Thursday 8 October 2015

The Accidental - Ali Smith

Ali Smith is one of those authors who, until now, I had repeatedly not read. How To Be Both has been on my radar for a while, highly acclaimed and alluring, but somehow a bit intimidating too. And, when I finally bought The Accidental from the Books for Syria table at Waterstone's last week, and read the blurbs for Smith's back list,I recognised the strangely-incomplete titled There But For The as another book I'd picked up many times but never quite brought home with me. Smith has a reputation for being very clever and lyrical, but somewhat experimental in style, which had slightly frightened me for a long time. But this was for a good cause - a charity donation that gets you a free book, right?

The Accidental focuses on the Smart family: two parents and two adolescents, all of whom have their own struggles and unhappinesses. Astrid, aged twelve, is a lonely teenager, trying to make sense of her world through her video camera. Magnus, who is about sixteen or seventeen, is eaten up with guilt after his involvement in an incident at school with tragic consequences. Their stepfather, Michael, is a creepy college professor with a midlife crisis and lots of affairs, while their mother, Eve, feels the weight of unhappiness of her family, her marriage, and her career as a writer.

Into their lives comes Amber, a strange woman who shows up at their house one day.

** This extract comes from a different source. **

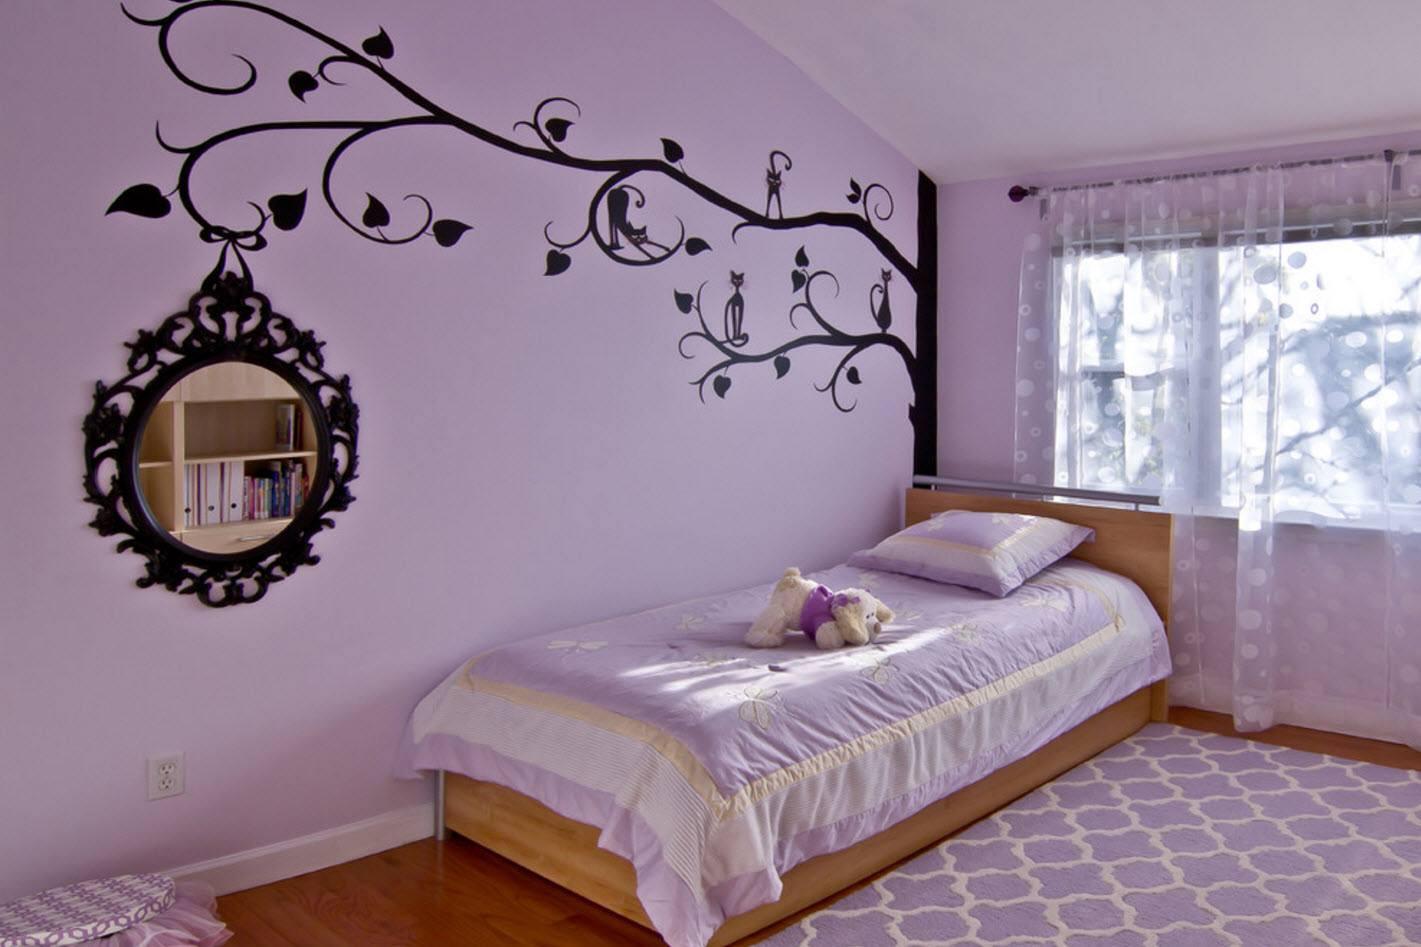 Как украсить комнату своими руками - 61 фото организации

Everyone thinks she's here with someone else, but who is she, really? Each member of the family perceives her differently, either finding what they long for or need in her, or perhaps projecting their wishes onto her. She is the narrator, probably, of the first-person passages interspersed with the Smart family point-of-view chapters, yet we don't really know much about her. She doesn't quite seem real. Some of the characters think she must be an angel, but if so, she is an unstable, maybe even dangerous one. At the end of part one, she starts to give you a few answers - surprisingly early on, I thought - until: "Well?" she said. "Do you believe me?" I didn't think to do otherwise until that point, but the question throws it all into doubt. But that's all the answer you get.

The Accidental is a story about story, structured tidily into three parts: beginning, middle and end. About how stories grow and change in the telling, mutating and shaping the perception of truth. We see this expressed in different ways throughout the novel, for example in Eve's book series called "Genuine Articles," in which she takes real stories from history, but rewrites them to give them happy endings and "what ifs."

The language is lyrical, poetic - one section being made up of actual poetry, in Michael's "middle," the changes in form showing his world and his mind unravelling somewhat as the style turns from conventional sonnets in the Shakespearean rhyme scheme, to a frantic, disjointed style, to words just apparently thrown at a page. For Michael, Amber represents an incorruptible purity, and is the woman immune to his attempts at seduction. And his sense of entitlement can not deal with rejection. He is a repulsive creature.

Ali Smith's narrative contains some stream-of-consciousness, luring you to read on, but also to take your time thinking about her word choices. I found The Accidental engrossing with lots of food for thought, and I'm glad I finally got around to reading it. She's not necessarily a new favourite author, but definitely someone I want to read lots more from in the future.